Bug #10058 ndb_select_count crashes cluster (in dbtup) after system restart
Submitted: 21 Apr 2005 12:13 Modified: 13 Jun 2005 15:02
Reporter: Johan Andersson Email Updates:
Status: Closed Impact on me:
None 
Category:MySQL Cluster: Cluster (NDB) storage engine Severity:S1 (Critical)
Version:4.1,5.0 OS:Linux (RHEL 4 (64-bit opteron))
Assigned to: Jonas Oreland CPU Architecture:Any

[21 Apr 2005 12:13] Johan Andersson
Description:
After a system restart (followed by a "shutdown" from ndb_mgm),  the ndb_select_count crashes all ndb nodes.
There were 8 ndbd nodes.
Populated with 1M rows.

How to repeat:
Run attached test program to recreate table and populate with data (1M) rows.

The script go7 recreates the table.
The script go8 populates the table.

ndbtest.cpp has the source that recreates and populates the table.

ndb_mgm -e "shutdown"

[system restart]

ndb_select_count

Suggested fix:
-
[21 Apr 2005 12:21] Johan Andersson
Mailing test program separately due to silly 200K limit.
[21 Apr 2005 12:25] Johan Andersson
trace

Attachment: ndb_5_dbtup-bug-1-2.zip (application/x-zip-compressed, text), 91.19 KiB.
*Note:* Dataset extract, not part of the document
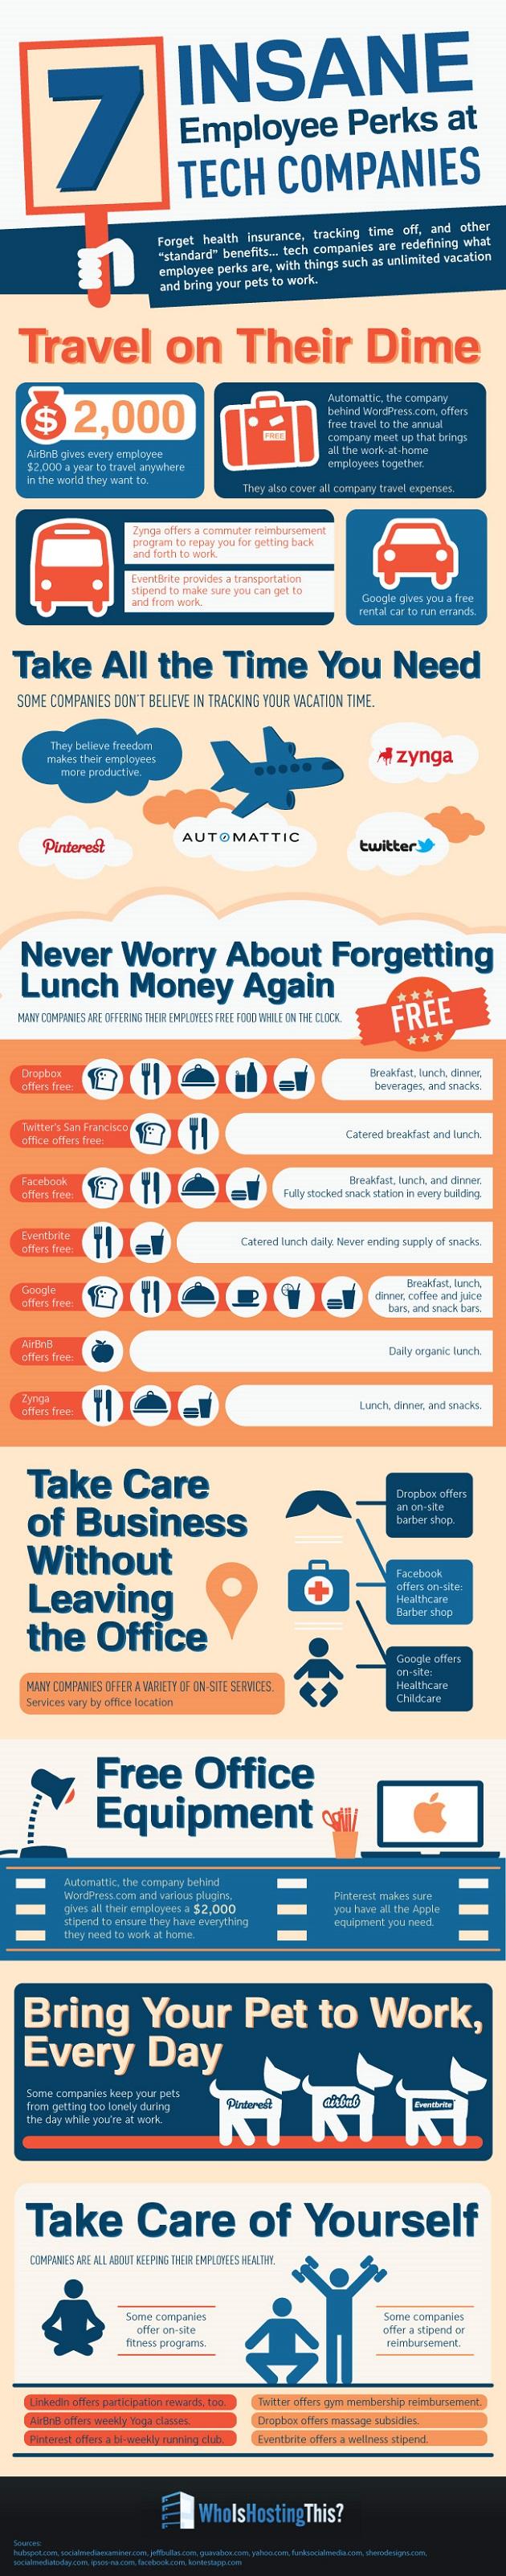 413820-infographic-7-insane-employee-perks-at-tech-companies.jpg

[21 Apr 2005 12:35] Johan Andersson
Has the system restart corrupted the data?
[21 Apr 2005 13:56] Martin Skold
Same crash seen in bug#10001,
was this also after a system restart?

Date/Time: Thursday 21 April 2005 - 05:37:41
Type of error: error
Message: Pointer too large
Fault ID: 2306
Problem data: DbtupExecQuery.cpp
Object of reference: DBTUP (Line: 604) 0x0000000a
ProgramName: /opt/atse/cluster/mysql/bin/ndbd
ProcessID: 10876
TraceFile: /opt/atse/cluster/data_ndb/ndb_2_trace.log.1
***EOM***
[21 Apr 2005 14:19] Martin Skold
Also is this related to the large number of records?
Have you tried with a smaller database?
[21 Apr 2005 14:22] Martin Skold
} else if ((loopOpPtr.p->optype == ZDELETE) &&
               (loopOpPtr.p->prevActiveOp == RNIL)) {
      jam();
//----------------------------------------------------------------------
// There was only a delete. The original tuple still is ok.
//----------------------------------------------------------------------
    } else {
      jam();
//----------------------------------------------------------------------
// There was another operation after the delete, this must be an insert
// and we have found our copy tuple there.
//----------------------------------------------------------------------
      loopOpPtr.i = loopOpPtr.p->prevActiveOp;
      ptrCheckGuard(loopOpPtr, cnoOfOprec, operationrec); <== crashes here

Could it be that is is a DELETE, but prevActiveOp is not set to RNIL
correctly during system restart?
[22 Apr 2005 5:51] Martin Skold
Need table definition
[22 Apr 2005 8:09] Johan Andersson
We have reproduced this with 1M rows in db (small) and 50M rows in db (large).
[22 Apr 2005 8:35] Johan Andersson
Yes it was after a system restart. 
Is data corrupt is one of the questions...
[9 Jun 2005 5:26] Jonas Oreland
Pushed to 4.1.13 and 5.0.8
[13 Jun 2005 15:02] Jon Stephens
Thank you for your bug report. This issue has been addressed in the
documentation. The updated documentation will appear on our website
shortly, and will be included in the next release of the relevant
product(s).

Additional info:

Documented in Change History for versions 4.1.13, 5.0.8.